Benditos sustos
Que vamos todos morrer é uma certeza. Mas o que é que esse facto chato tem que ver com a vida?
A Sara e a Tristana, as minhas cada vez mais amadas filhas, nasceram muito prematuras em Manchester, em 1981.
Como só tinham 26 semanas de idade, 650 gramas de peso e 30 centímetros de comprimento, as enfermeiras da unidade de prematuras do North Manchester General Hospital disseram-me que iam deixá-las 24 horas sem incubadora para ver se sobreviviam.
Enlouqueci; ajoelhei-me; chorei. De nada me serviu. Passei cada hora dessas 24 horas ao lado delas. Não morreram. Viveram. Eu, sim, ia morrendo. Mal sobreviveram puseram-nas nas incubadoras que, durante três meses, salvaram as vidas delas.
Com ambos os meus pais e muitos outros amigos já mortos lembro-me sempre dos sustos — esses avisos malditos — que tentaram preparar-me, mas nunca conseguiram. Avisaram-me, mas eu assustei-me, estupidamente, sem prestar atenção.

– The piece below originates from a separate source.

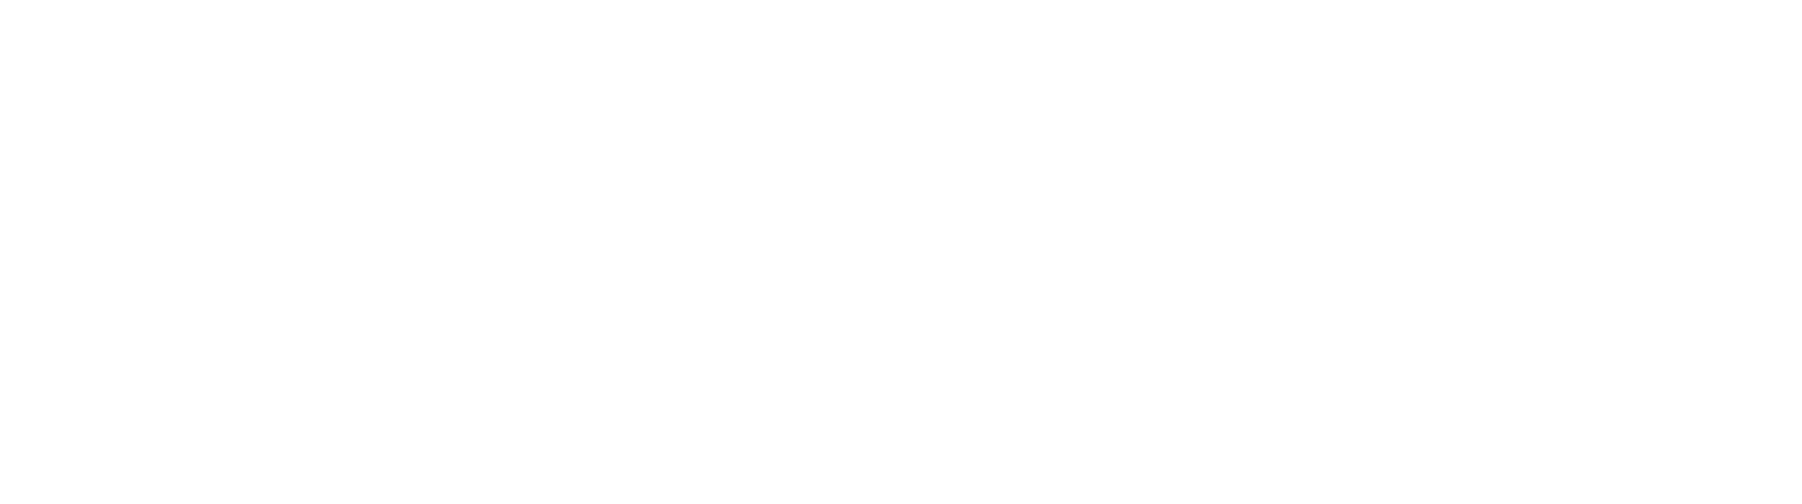 New York State of Opportunity, Council on the Arts

Também a Maria João e eu tivemos os mais terríveis sustos e, apesar de termos sobrevivido, vivemos cada vez mais assustados.
A preparação, afinal, é como uma daquelas banalidades segundo a qual "ninguém vive para sempre". Não ensina nada. Não nos prepara para coisa nenhuma.
Que vamos todos morrer é uma certeza. Mas o que é que esse facto chato tem que ver com a vida?
Tem tudo e não tem nada. Avisados e assustados ficamos mais prontos para a pouca grandeza do que resta: a vida.